*THE PROBLEM*
An acceptable answer repeats exactly the line containing "friend congratulating bride" and all lines that follow it in the listing below, and it includes no pictures.

*GIVEN INFORMATION*
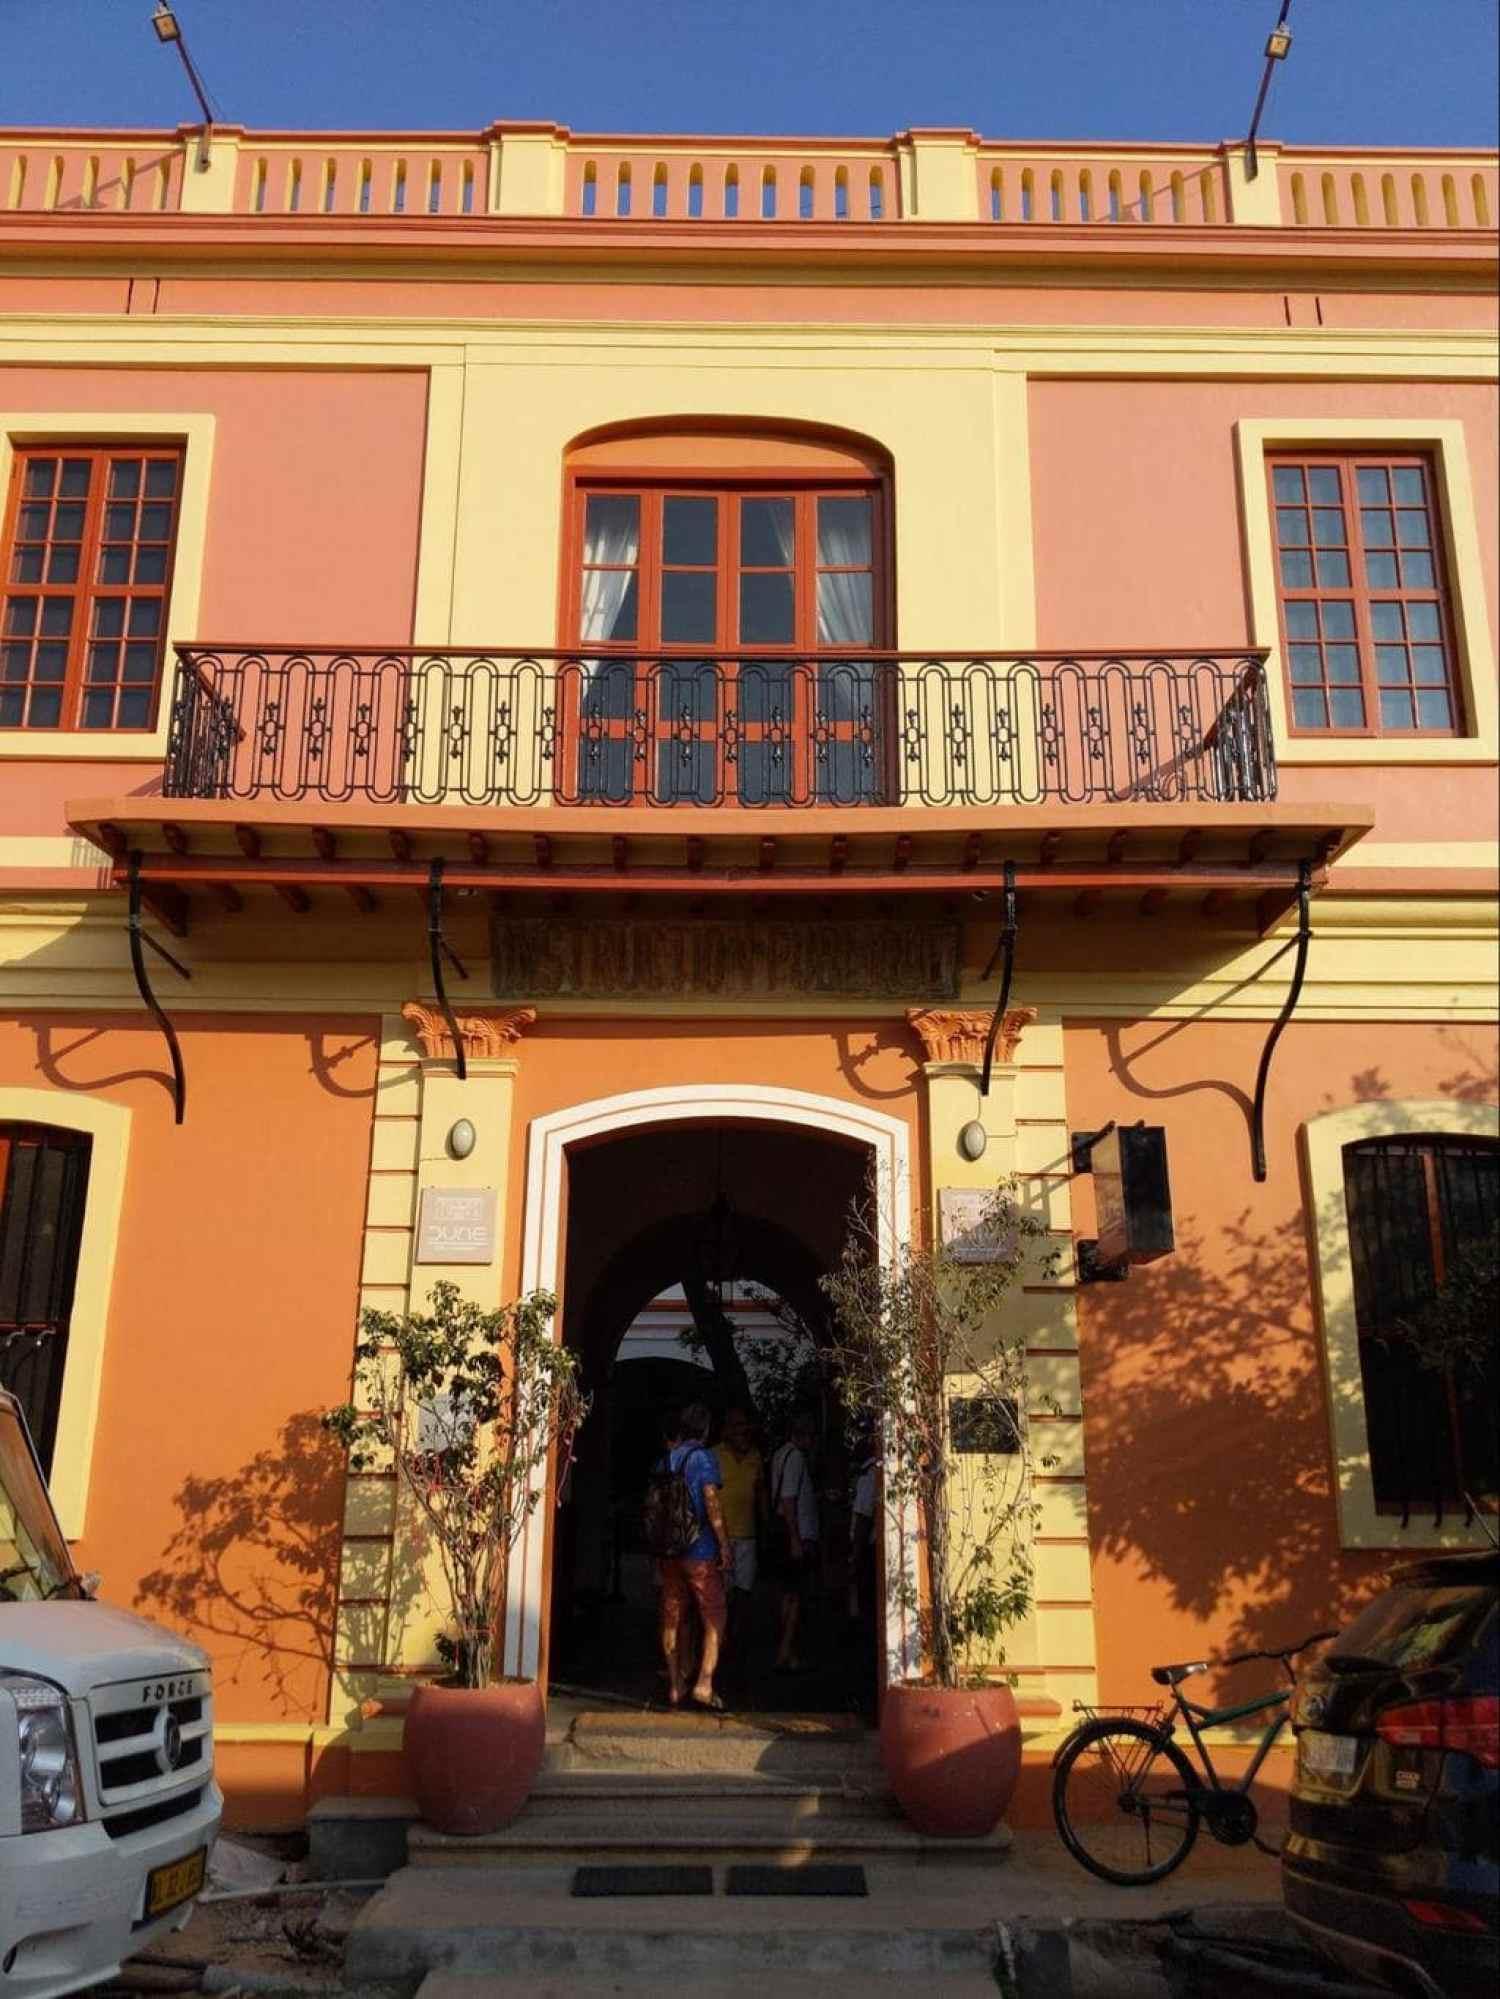 French Quarter building in Pondicherry
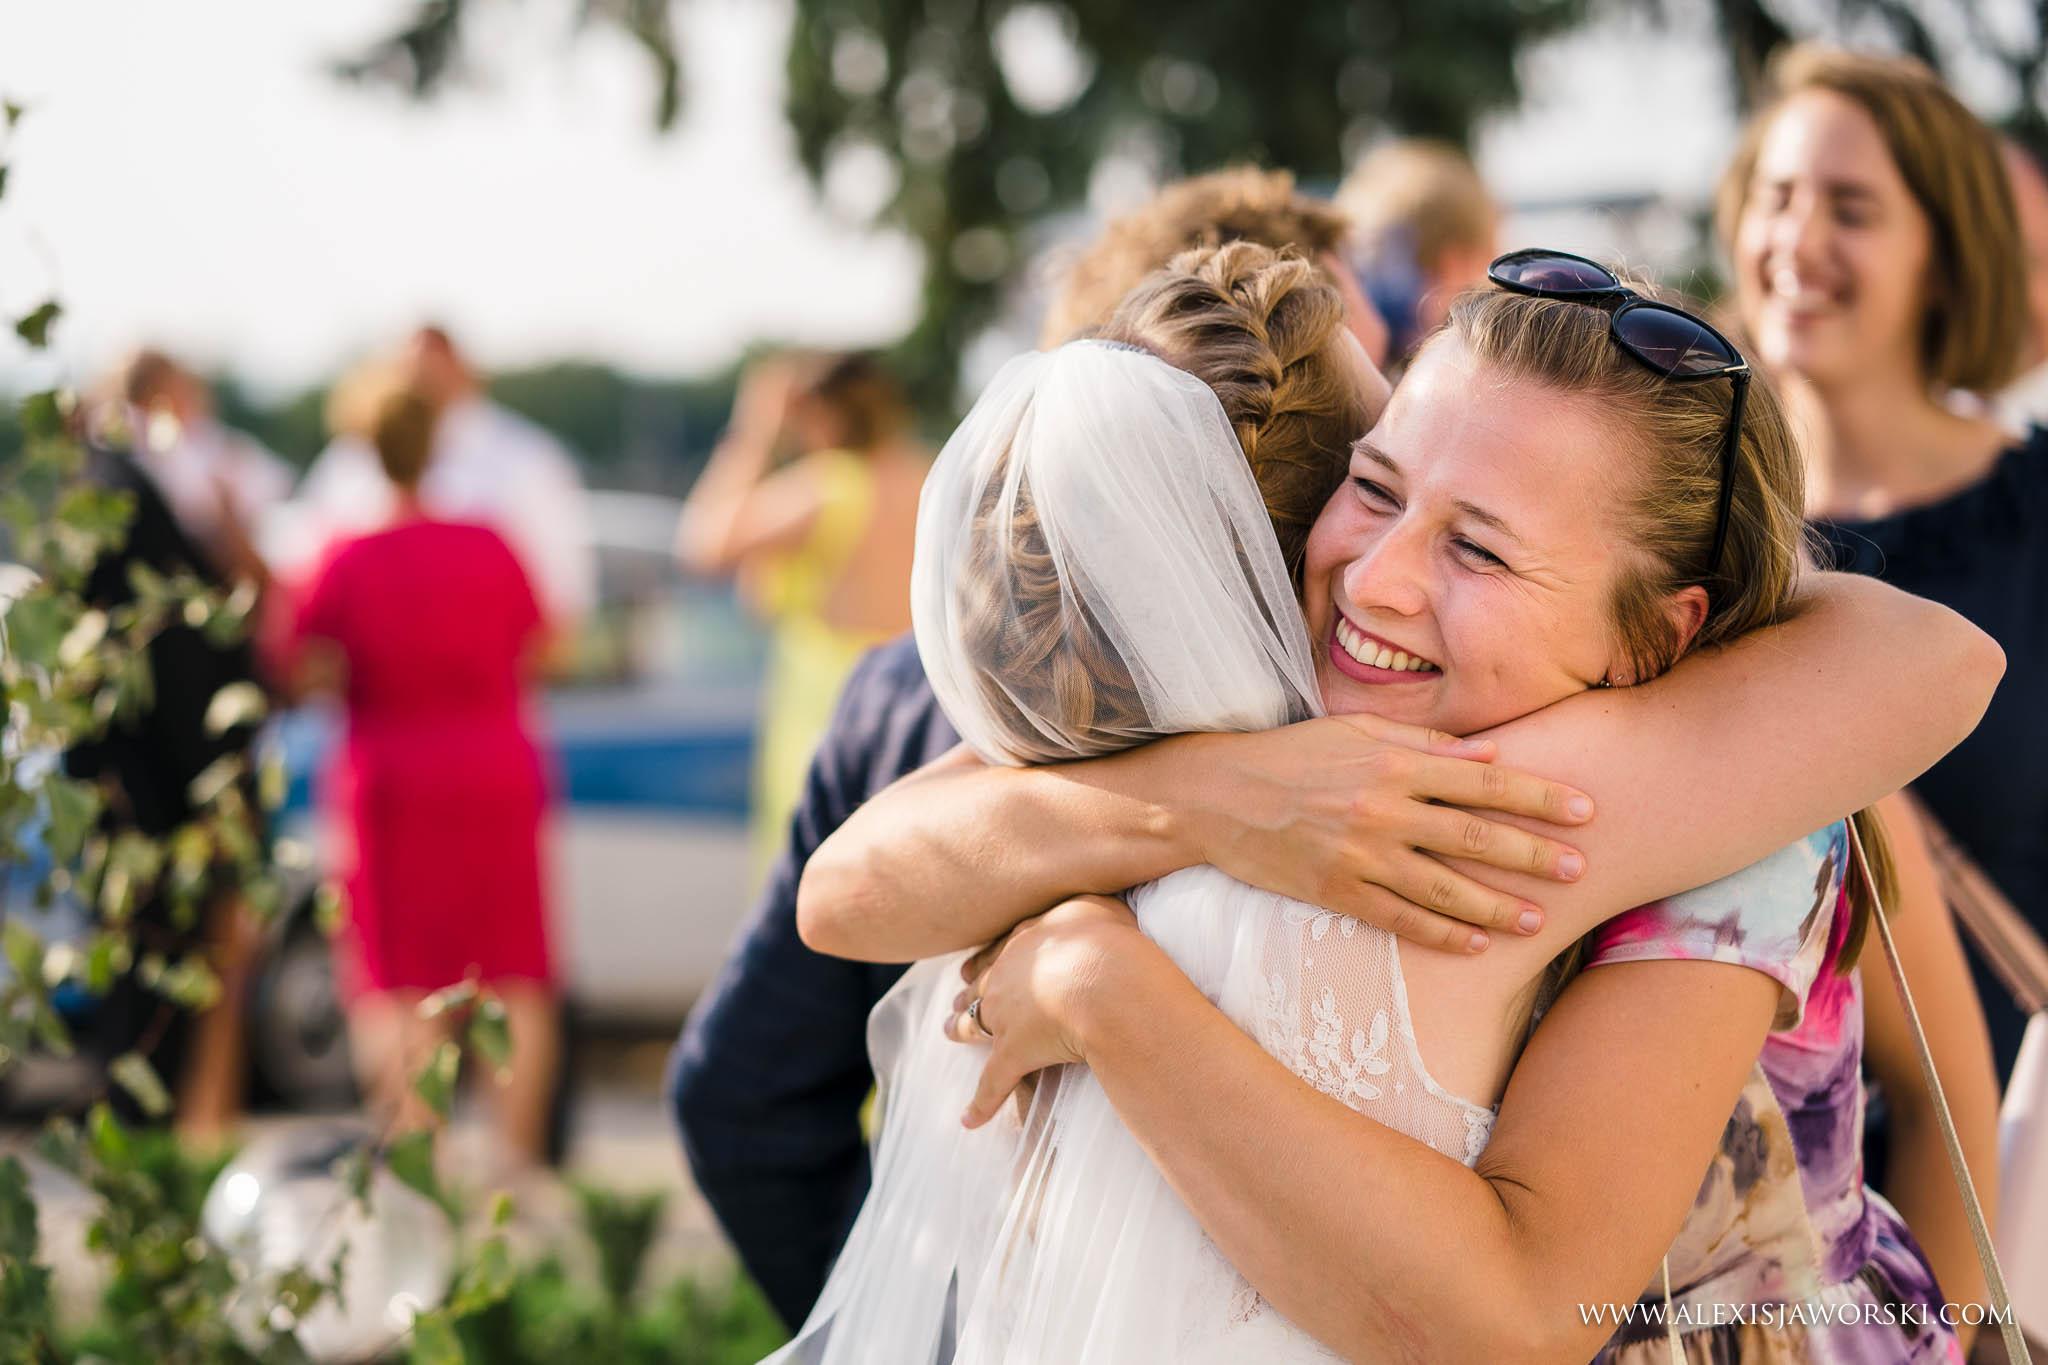 friend congratulating bride
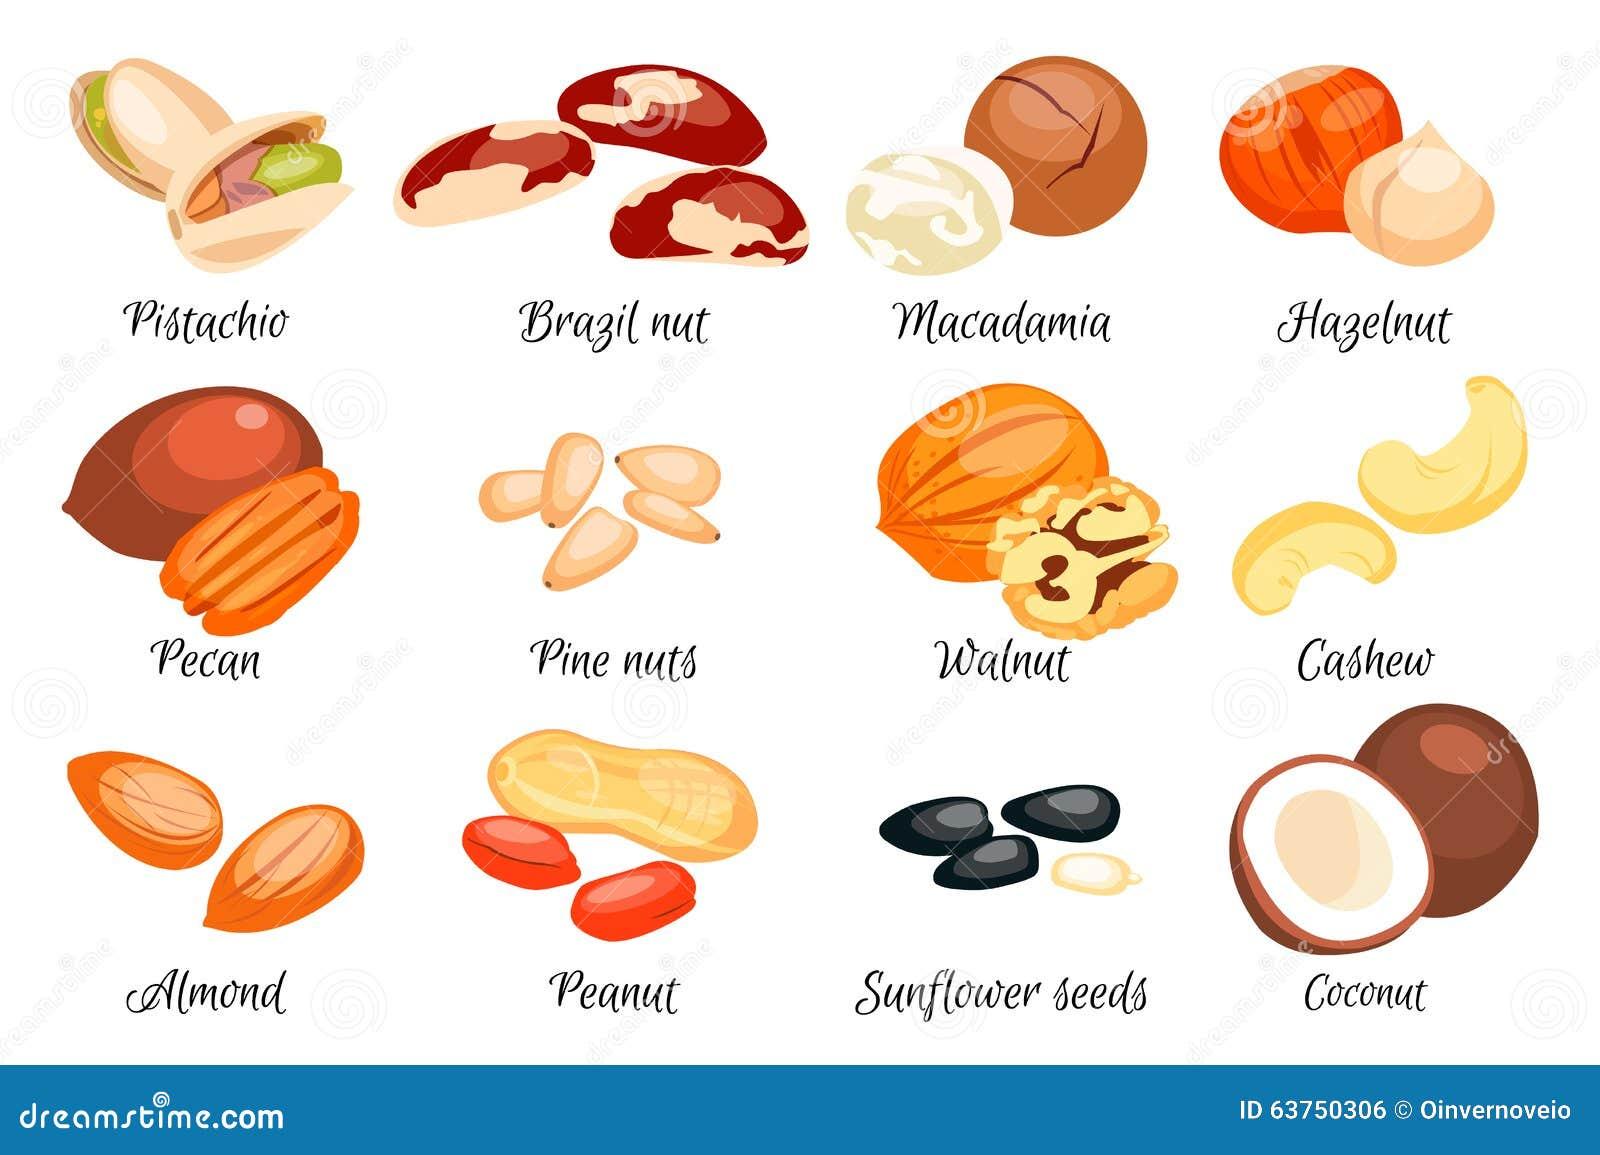 Nuts Set. Vector Illustration Stock Vector - Image: 63750306

*SOLUTION FOR THIS EXERCISE*
 friend congratulating bride
 Nuts Set. Vector Illustration Stock Vector - Image: 63750306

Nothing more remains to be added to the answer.